Latest In Childhood Tuberculosis Management According To RNTCP Approved by IAP
Dr. Prof. N. L. Phuljhele (M.D.)*
Prof & Head of Department, Department of Pediatrics, Dr. B.R.A.M. Hospital, Raipur (C.G.) *
It has been assumed that 10% of the total TB cases are found amongst children. Global estimates of 1.5 million new cases and 130,000 deaths due to TB per year amongst children are reported. However, these figures appear to be an underestimate of the size of the problem. Kochi A: The global tuberculosis situation and the new control strategy of the World Health Organization. Tubercle 1991;72:1. World Health Organization (WHO). WHO report on the Tuberculosis epidemic. Geneva: WHO;1996.
Childhood TB Prevalence indicates
  • Community prevalence of sputum smear positive pulmonary tuberculosis (PTB)
  • Age-related prevalence of sputum smear positive PTB
  • Prevalence of childhood risk factors for disease
  • Stage of epidemic

Proper identification and treatment of infectious cases will prevent childhood TB. However often childhood TB is accorded low priority by National TB Control Programmes in Children.
Probable reasons include
  • Diagnostic difficulties
  • Rarely infectious
  • Limited resources
  • Misplaced faith in BCG
  • Lack of data on treatment

But this disregards the impact of tuberculosis on childhood morbidity and mortality. Children can present with TB at any age, but the majority of cases present between age of 1 and 4 years. Disease usually develops within one year of infection - the younger, the earlier and the more disseminated. The PTB prevalence is normally low between the ages of 5 and 12 years, and then increases in adolescence when PTB manifests like adult PTB (post primary tuberculosis)3. PTB in children is usually smear negative. Pulmonary to extra-pulmonary TB (EPTB) ratio is around 3:1.
Treatment of Childhood Tuberculosis
Consensus statement of IAP working Group Indian Pediatric 1997;34:1093-1096. In order to optimize treatment protocol, tuberculosis is classified into 5 groups based on clinical types. The suggested regimen for drug therapy in each of these groups is as follows:
Asymptomatic Mantoux positive < 3 years
Asymptomatic Mantoux positive <5 years with Grades 3 or 4 malnutrition
Mantoux +ve - Recent converter/no signs
Children <3 years with H/O +ve contact
Children <5 years - Grades 3 or 4 malnutrition with H/O +ve contact

Treat with 6 months of INH and Rifampicin.


Primary Complex (lung)
Symptomatic Mantoux +ve <3 years without localization
Symptomatic Mantoux +ve <5 years with Grades 3 or 4 malnutrition without localization
Isolated lymphadenitis
Pleural effusion

Treat with 2 months of INH, Rifampicin and Pyrazanamide followed by 4 months of INH and Rifampicin.

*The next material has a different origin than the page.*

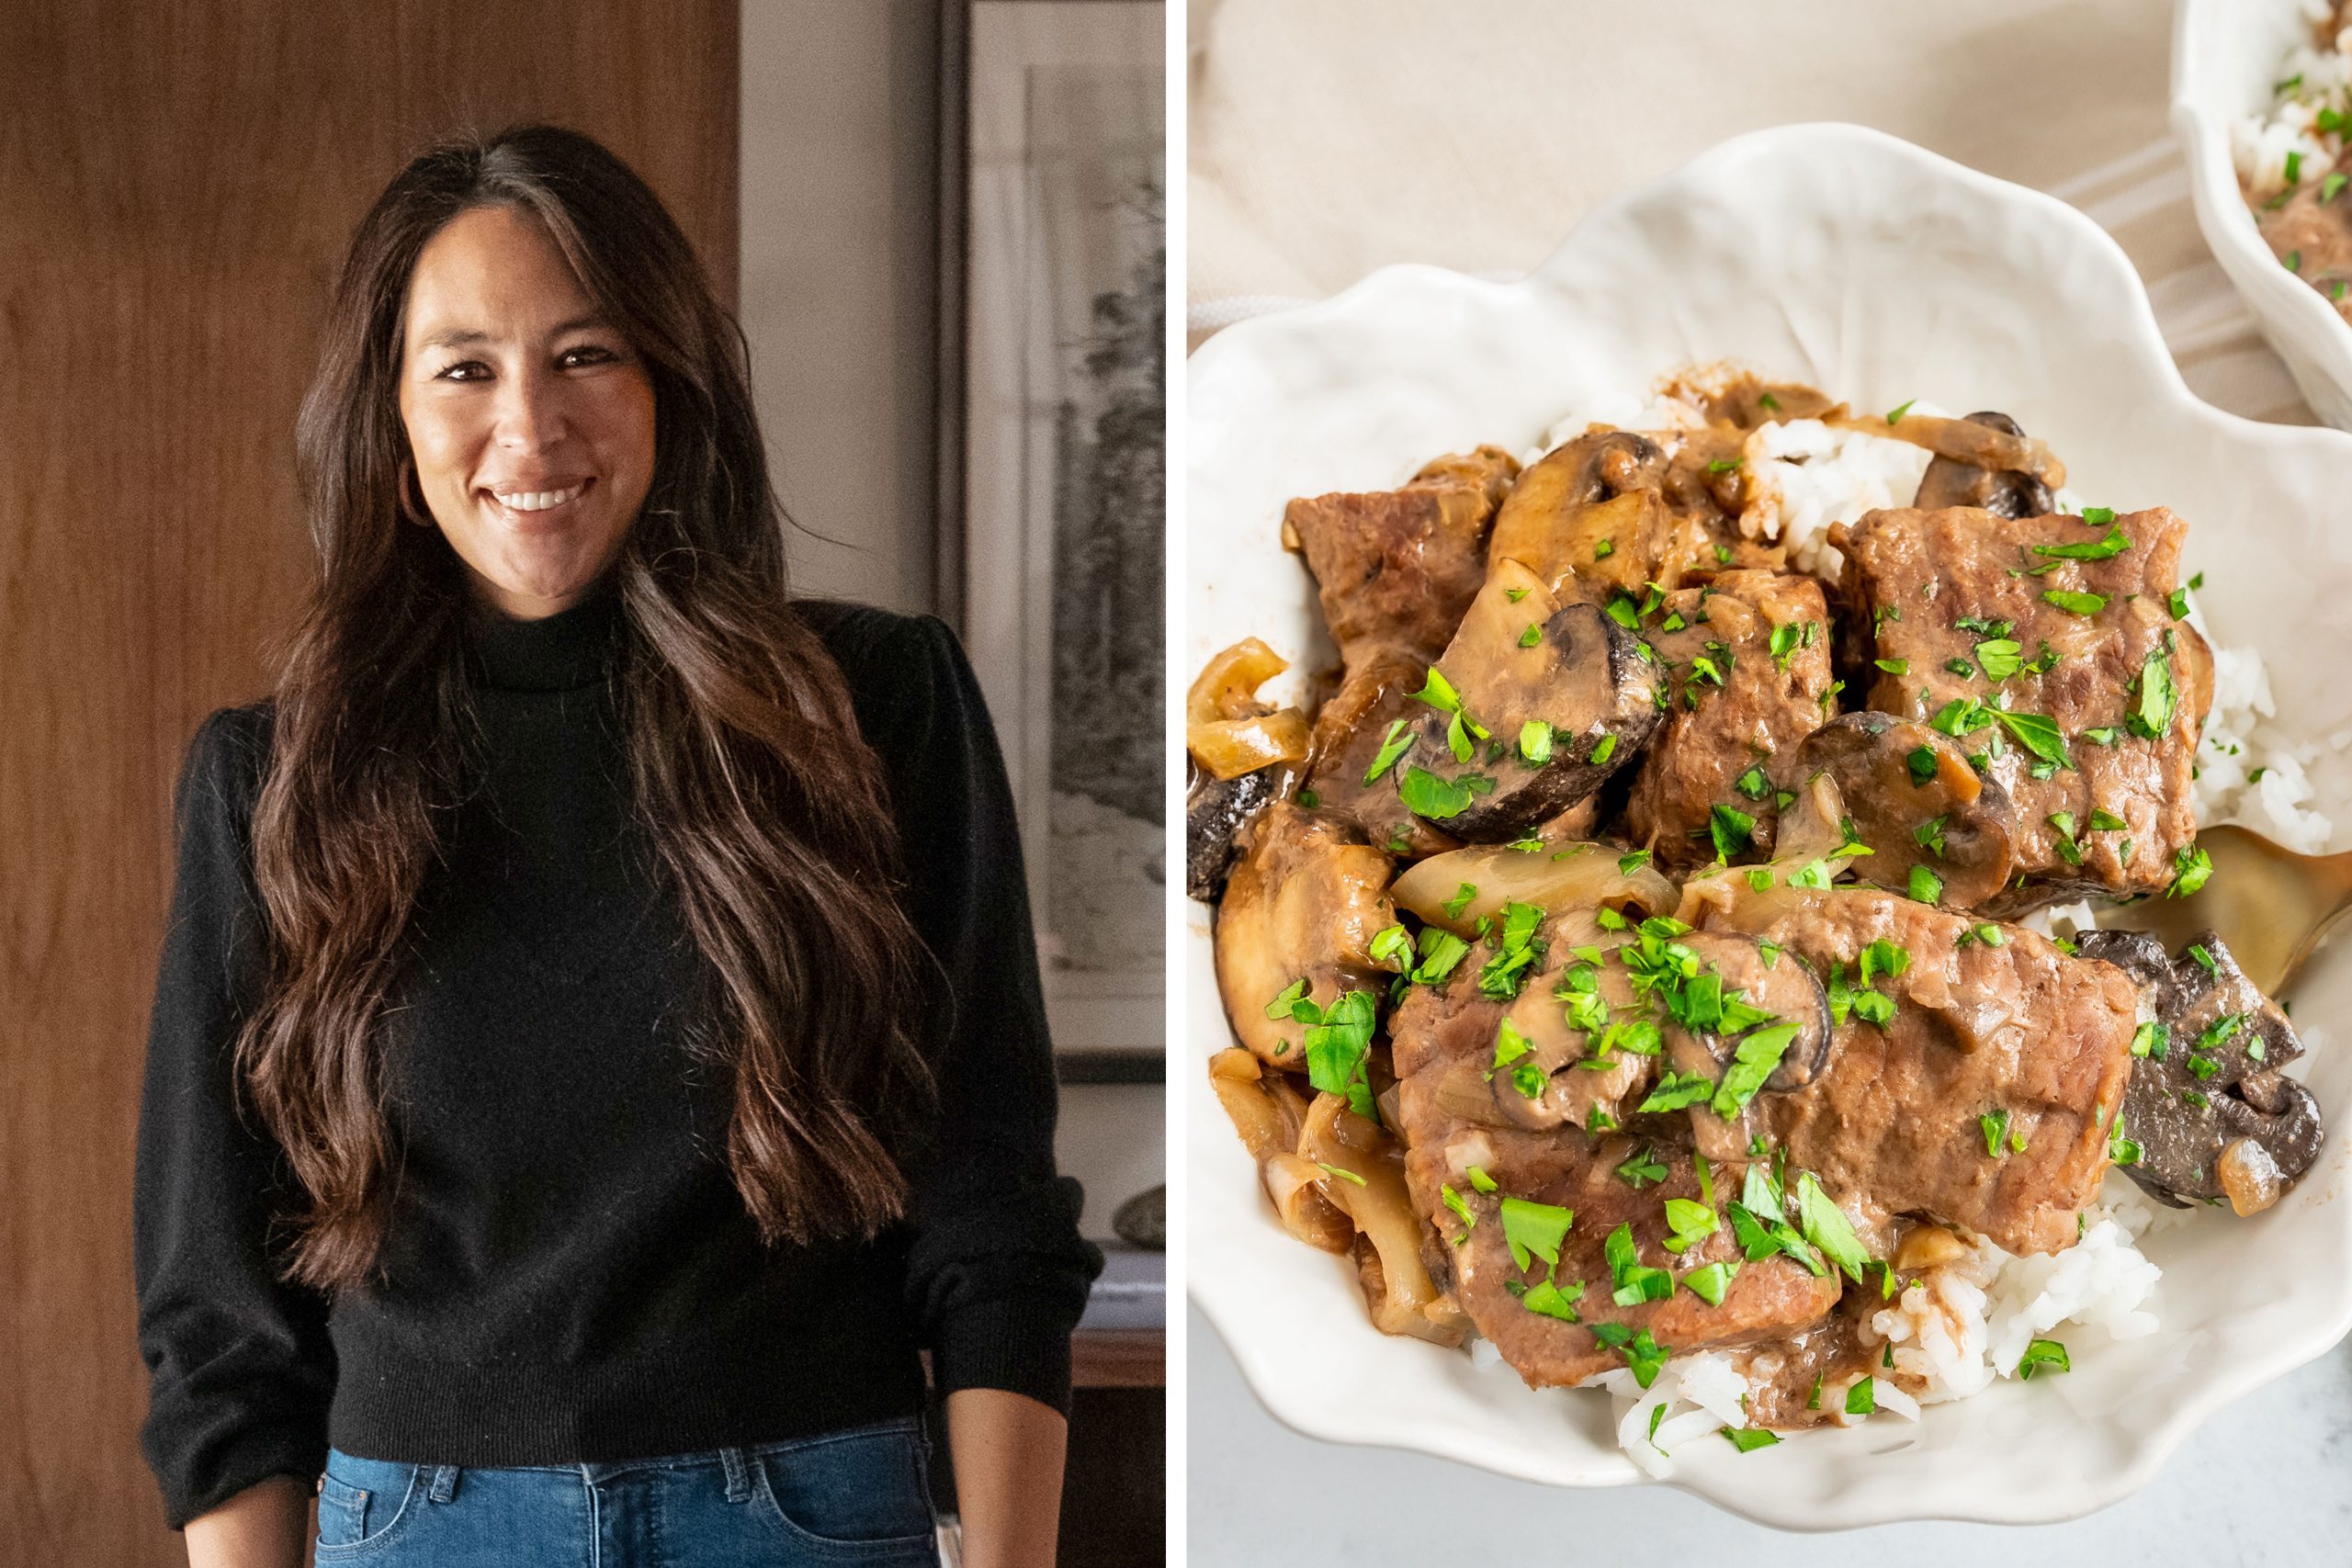 https://www.tasteofhome.com/wp-content/uploads/2022/02/HFXUP601_Reveal_0125_v2-Joanna-Gaines-Beef-Tips-ADedit-scaled.jpg
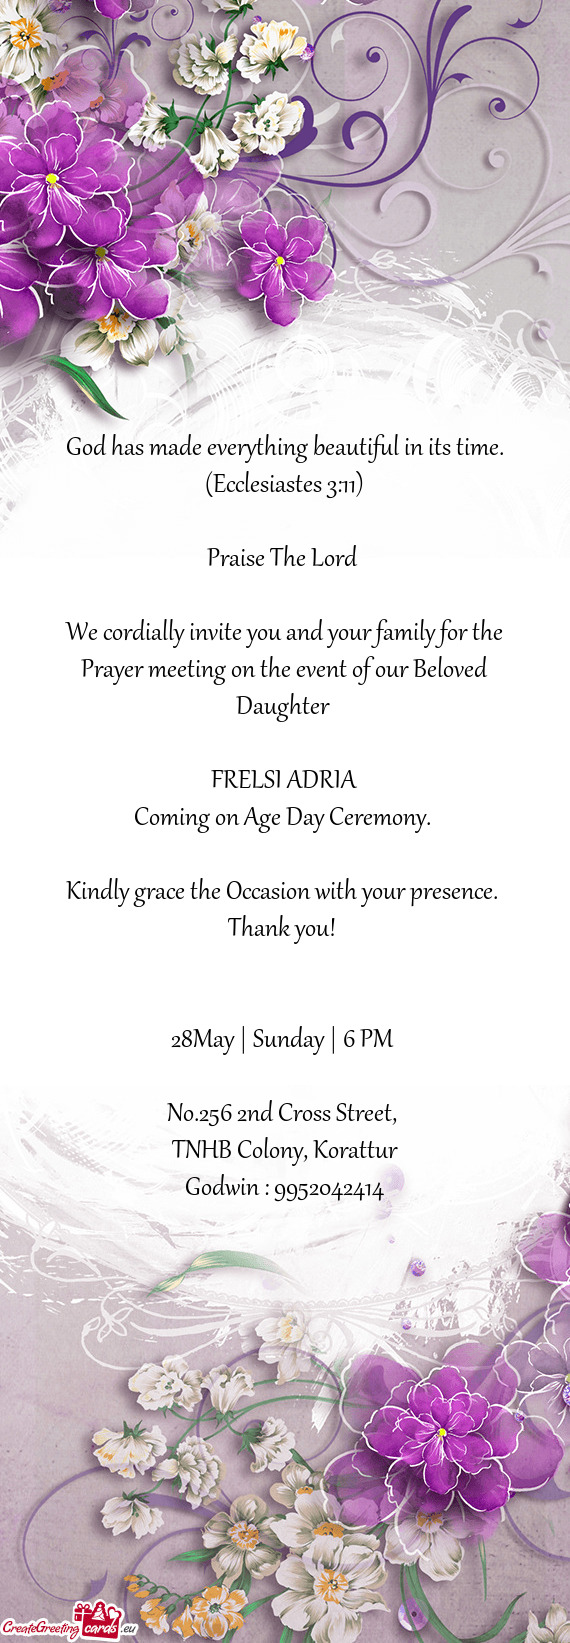 We cordially invite you and your family for the Prayer meeting on the event of our Beloved Daughter

Progressive pulmonary disease
Tubercular lymphadenitis - Multiple
Treat 2 months of INH, Rifampicin, Pyrazinamide and Ethambutol followed by 4 months of INH and Rifampicin Continuation phase extended by 3 months in event of non-resolution.

Miliary/Disseminated disease
Cavitatory disease/Bronchopneumonia
Osteoarticular disease
Abdominal, Pericardial, Genitourinary disease
Treat with 2 months of INH, Rifampicin, Pyrazinamide and Ethambutol followed by 7 months of INH and Rifampicin.


Treat with 2 months INH, Rifampicin, Pyrazinamide and Ethambutol followed by 10 months of INH, Rifampicin and Ethambutol.

Dosage Recommendations:

Isoniazid - 5 mg/kg (to be rounded to the closest higher dose)
Rifampicin - 10 mg/kg
Pyrazinamide - 25 mg/kg
Ethambutol - 20 mg/kg
Streptomycin - 20 mg/kg
Prednisolone - 1-2 mg/kg

All the drugs should be administered in a single daily dose on an empty stomach.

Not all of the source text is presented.